Wednesday, December 26, 2012

After the Affordable Care Act? After Obamacare? Part Three: barriers to entry for new suppliers of health care

Reviewing parts one and two of this series, John Cochrane professor of finance at the University of Chicago Booth School of Business wrote a recent essay entitled After ACA: Freeing the market for health care. The essay is very interesting as it makes the case of the need for decoupling health care from health insurance when discussing the demand and supply for health care and insurance merely being a mechanism to address catastrophic losses. Others have also pointed out the need to decouple the two concepts, however Cochrane does so in such a way that points out that the supposed market failure in health care is directly related to government failure in the realm of health care due to government lead market distortions on both the demand and supply side of health care.


The next aspect Cochrane examines is barriers to entry for new suppliers of health care. In Cochrane’s words:


“So, where are the Walmarts and Southwest Airlines of health care? They are missing, and for a rather obvious reason: regulation and legal impediments.

A small example: In Illinois as in 35 other states, every new hospital, or even major purchase, requires a “certificate of need.” This certificate is issued by our “hospital equalization board,” appointed by the governor (insert joke here) and regularly in the newspapers for various scandals. The board has an explicit mandate to defend the profitability of existing hospitals. It holds hearings at which they can complain that a new entrant would hurt their bottom line.” (1) (2)


Hence we find new supply, new competitors as they were, having government stand in their way of freely entering the market. Further, in many cases current suppliers support and lobby for continued government sponsored barriers of entry. Therefore current supply becomes the status quo with “profitability” protected by government erected barriers to entry and consumers find higher prices rather than lower prices and lower quality rather than higher quality, both of which, created by intense competition.
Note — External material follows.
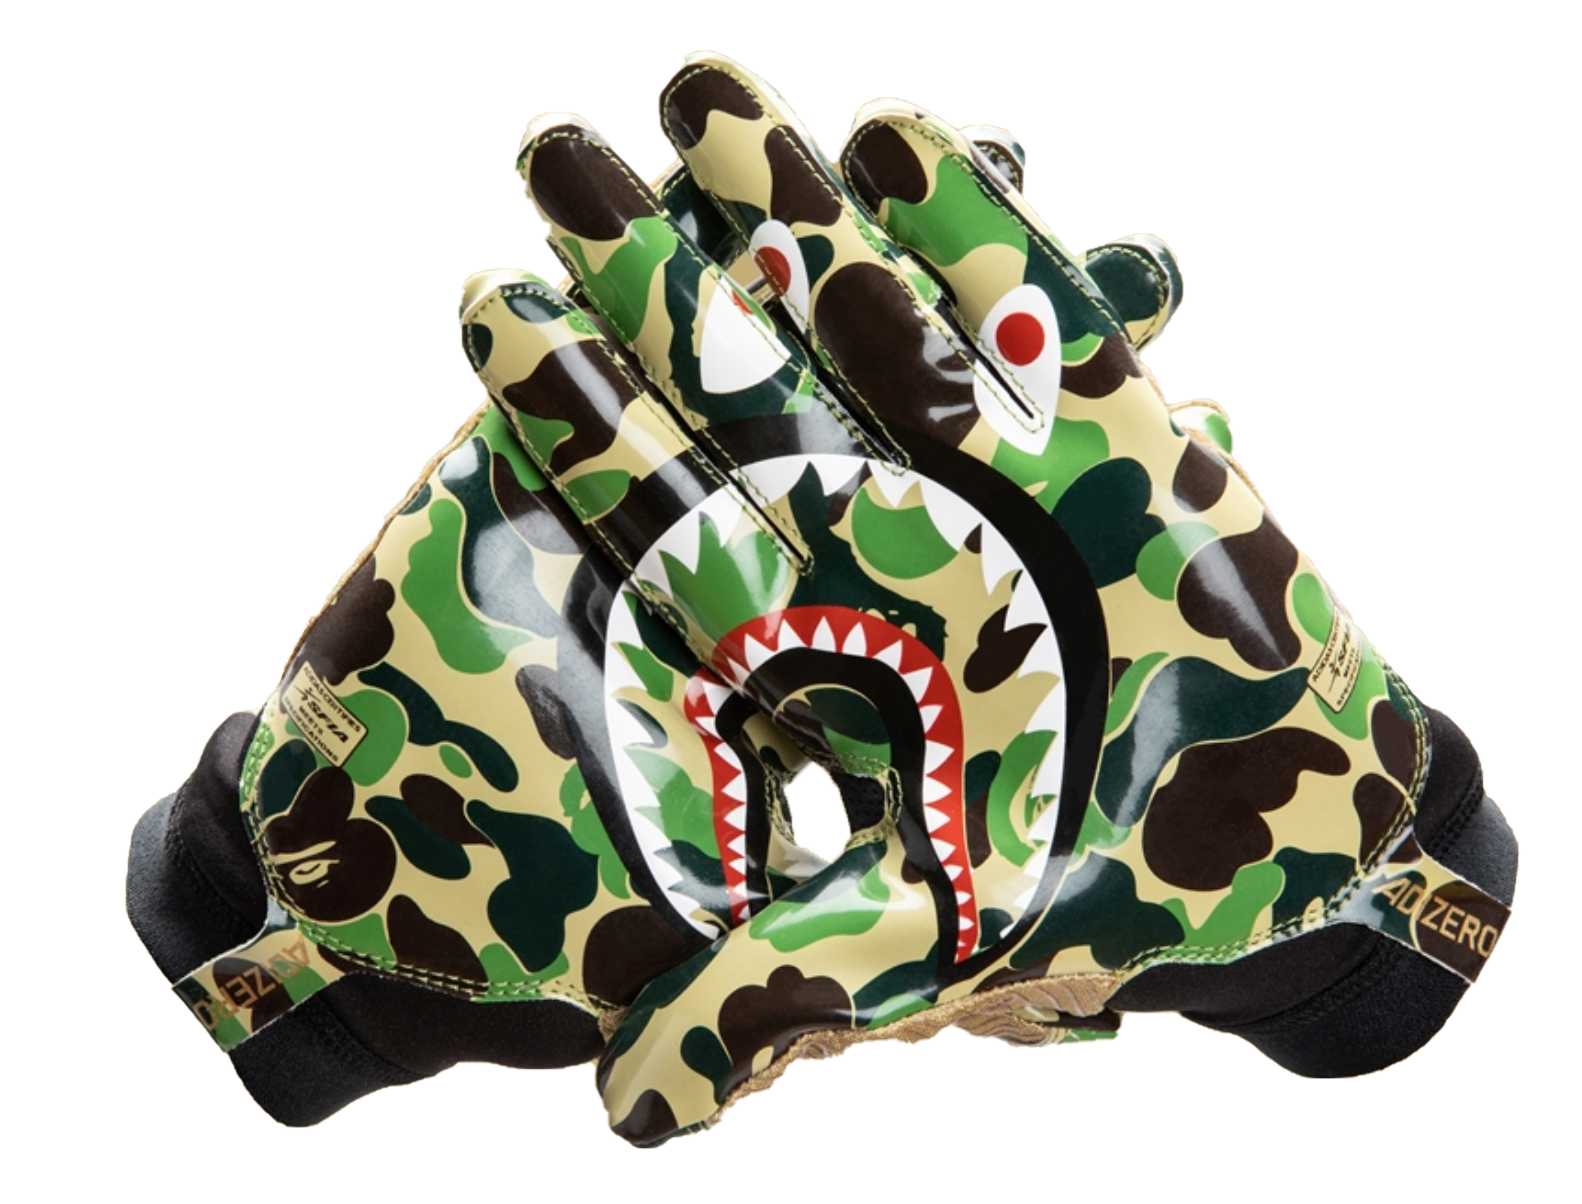 BAPE x Adidas Adizero 8.0 Gloves Green

Cochrane goes onto to identify occupational licensing creates a restricted supply thereby pushing up price (by the way the subject of one Milton Friedman’s PhD dissertation):


“I’m not arguing that we have to get rid of licensing. But licensing for quality does not have to mean restriction of supply to keep wages up, including state by state licensing, restriction of residency slots, or restrictions that encourage overuse of doctors where they are not needed.”


“If you’re a parent, you’ve been through it. It’s 2 am in
a strange city. The kid has an ear infection. He needs amoxicillin, now. Getting it is going to be a 3 hour trip to an emergency room, hundreds of dollars, so a “real doctor” can peer in his ear, then off to the pharmacy to fill the prescription. A nurse practitioner at the Wal clinic could handle this in 5 minutes for $15.” (3)


What Cochrane is pointing out is that basic services that could easily be supplied at much lower prices are purposely supplied at higher prices. The purposeful overuse of higher priced alternatives is government failure at its zenith.


It is becoming apparent that, if you have read the three parts to this point, a major cost driver in health care is none other than government. More succinctly, politicos through the mechanism of government have created a protected rent seeking proposition through legislation spawning regulation that drives up health care costs.

 

 

 

 

 

 

 
Notes:

(1) After the ACA: Freeing the market for health care.

(2) Certificate of Need: State Health Laws and Programs, NCSL, 03/2012

http://www.ncsl.org/issues-research/health/con-certificate-of-need-state-laws.aspx

 (3) After the ACA: Freeing the market for health care.